The LSTM layer and an LSTM cell are shown schematically in Figs. 1d and 6a, respectively. The equations for the LSTM are shown as Eqs. (9)–(14)32,41. At a time t, the input xt and two internal states Ct−1and ht−1 are fed into the LSTM cell. The first thing to be decided by the LSTM cell is whether or not to forget in Eq. (9), which outputs a number between 0 and 1 that represents retaining or forgetting. Next, an input gate (Eq. (10)) decides which values are to be updated from a vector of new candidate values created using Eq. (11). The new value is then added to the cell state and the old value is forgotten in Eq. (12). Finally, the cell decides what to output using Eqs. (13) and (14).
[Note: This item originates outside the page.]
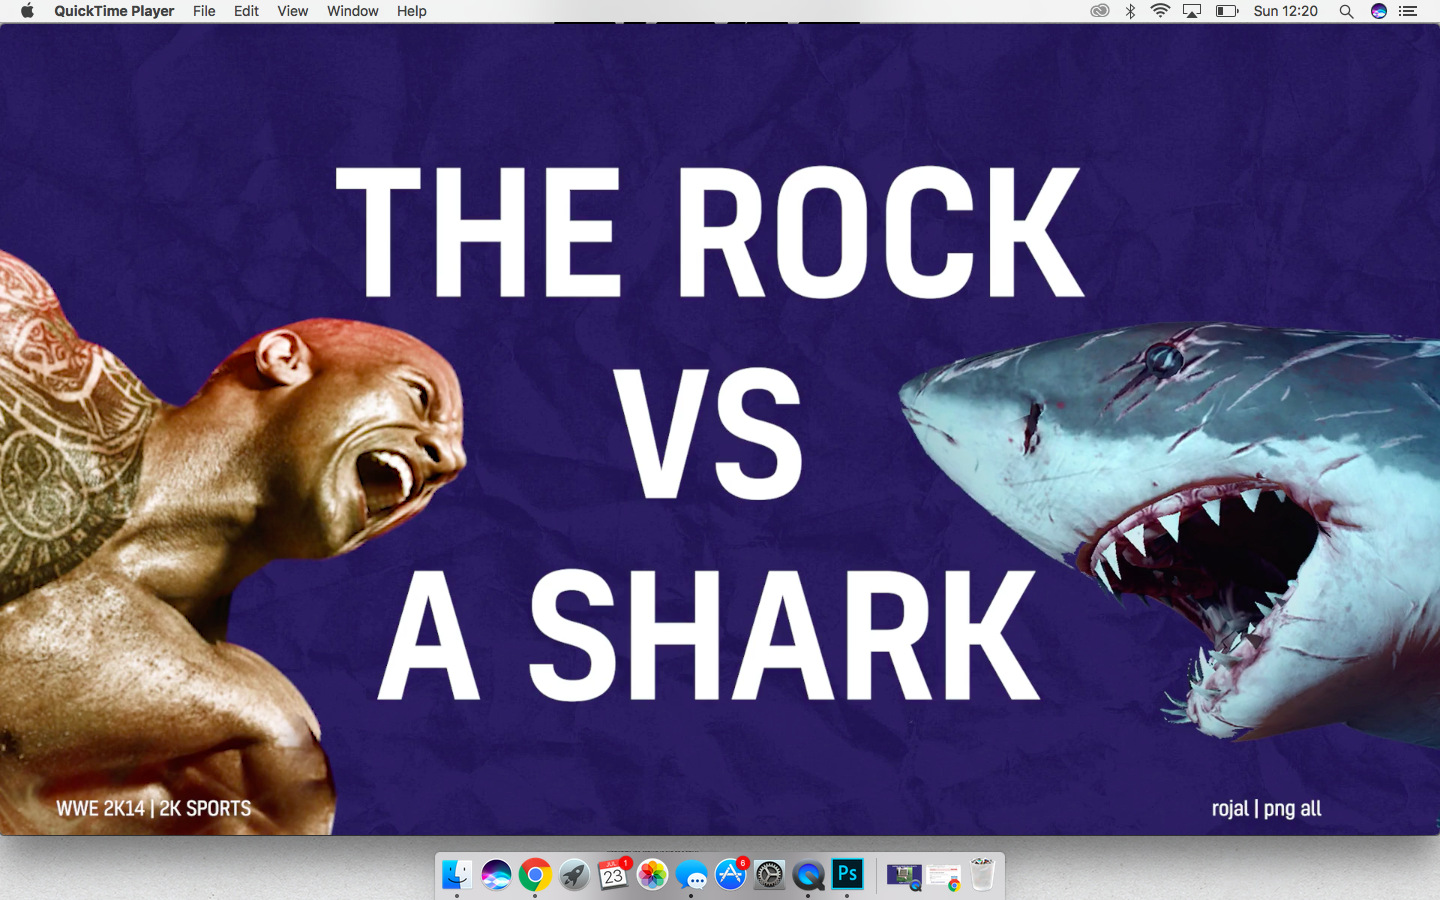 The Rock vs A Shark

$${f}_{t}=\sigma \left({W}_{f}\cdot \left[{h}_{t-1},{x}_{t}\right]+{b}_{f}\right),$$
(9)
$${i}_{t}=\sigma \left({W}_{i}\cdot \left[{h}_{t-1},{x}_{t}\right]+{b}_{i}\right),$$
(10)
$${\tilde{C}}_{t}=\tanh \left({W}_{C}\cdot \left[{h}_{t-1},{x}_{t}\right]+{b}_{C}\right),$$
(11)
$${C}_{t}={f}_{t}\times {C}_{t-1}+{i}_{t}\times {\tilde{C}}_{t},$$
(12)
$${o}_{t}=\sigma \left({W}_{o}\left[{h}_{t-1},{x}_{t}\right]+{b}_{o}\right),$$
(13)
$${h}_{t}={o}_{t}\times \tanh \left({C}_{t}\right),$$
(14)

where σ(x) = 1/(1 + ex) is the sigmoid function. The sigmoid and $$\tanh$$ functions are applied in an element-wise manner. The LSTM is followed by a time-reversed LSTM to constitute a Bi-LSTM layer that improves the memory for long sequences.

The dense layer and a neuron are drawn in Figs. 1e and 6b, respectively, and the corresponding equations are

$${{{{{\bf{a}}}}}}={{{{{\bf{w}}}}}}\cdot {{{{{\bf{x}}}}}}+b,$$
(15)
$${{{{{\bf{y}}}}}}=g({{{{{\bf{a}}}}}}),$$
(16)

where w is the vector of weights, b is the bias, x represents the input data, g(a) = 1/(1 + ea) is the sigmoid activation function used to limit the output values to between 0 and 1, and y is the output. The dense layer resizes the shape of the data obtained from the Bi-LSTM to match the size of the label.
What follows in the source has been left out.